The Complexity of Integrating Speed and Safety in Drug Development and Approval

Author Affiliations
  • 1School of Law and Department of Medical History and Bioethics, School of Medicine and Public Health, University of Wisconsin–Madison

Copyright 2013 American Medical Association. All Rights Reserved. Applicable FARS/DFARS Restrictions Apply to Government Use.

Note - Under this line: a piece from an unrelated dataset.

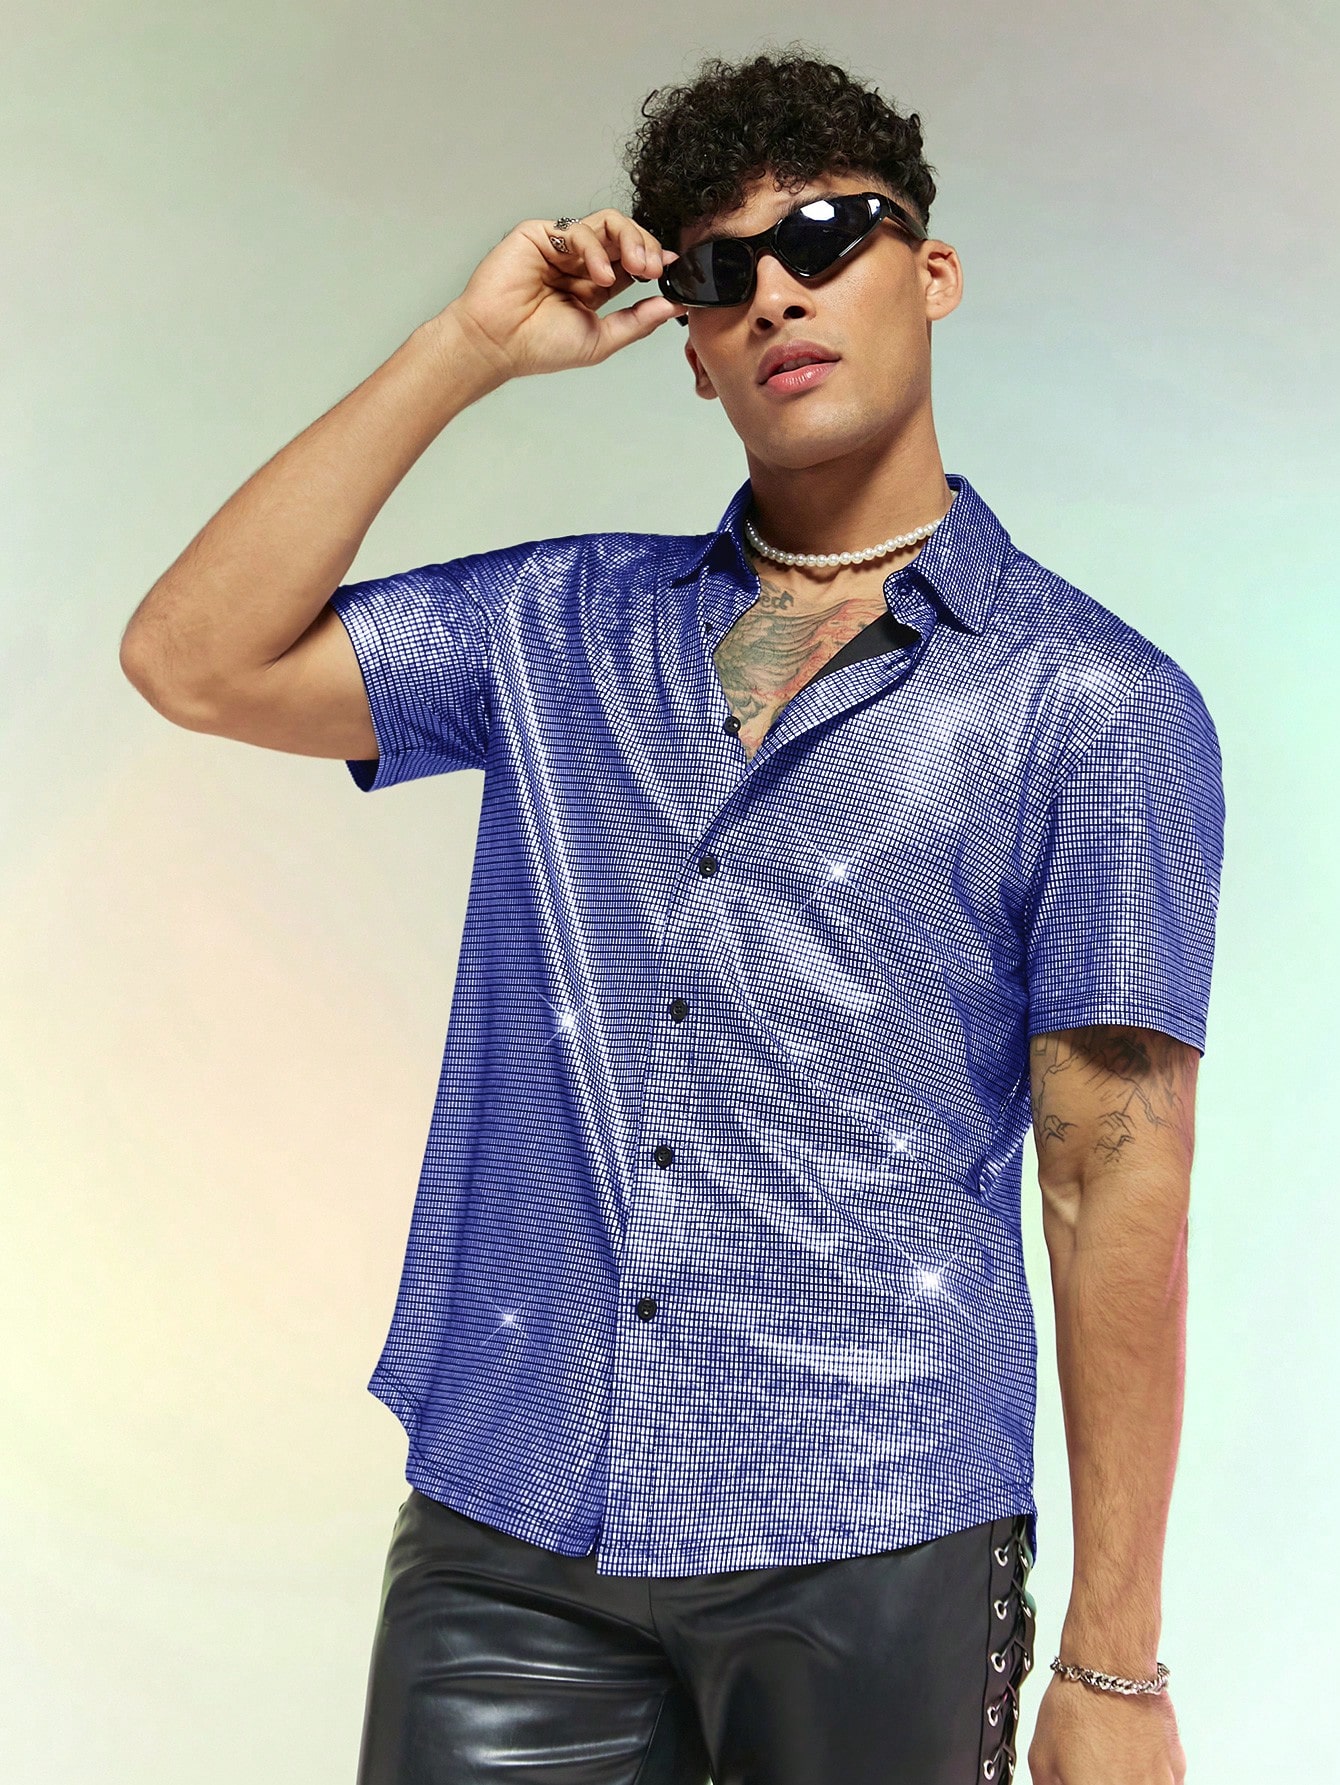 Мужская тканая рубашка с короткими рукавами Manfinity AFTRDRK с металлизированной текстурой, синий мужская повседневная тканая рубашка с длинными рукавами и рюшами manfinity aftrdrk коричневый

JAMA Intern Med. 2013;173(13):1165-1166. doi:10.1001/jamainternmed.2013.7161

Speed and safety in the development and approval of new medications have too long been viewed as a zero-sum tradeoff. Some have called for more accelerated approval processes for drugs. Others want more robust postmarket surveillance and more aggressive actions to limit or withdraw approved drugs when appropriate. Although both views have some merit, a more comprehensive and collaborative approach is needed to better align industry incentives and patient interests. Approaches that accelerate drug approval (pharmacogenomics, biomarkers, surrogate end points, and abbreviated trials) should be integrated with postmarket measures (conditional approval, limited licensing, and limitations on direct-to-consumer advertising and off-label promotion). Because the postmarket measures may make pharmaceutical investments less profitable, new financial incentives for industry may be needed, such as research grants, tax credits, awards for reaching successive preclinical stages of drug development, and prizes for notable innovations.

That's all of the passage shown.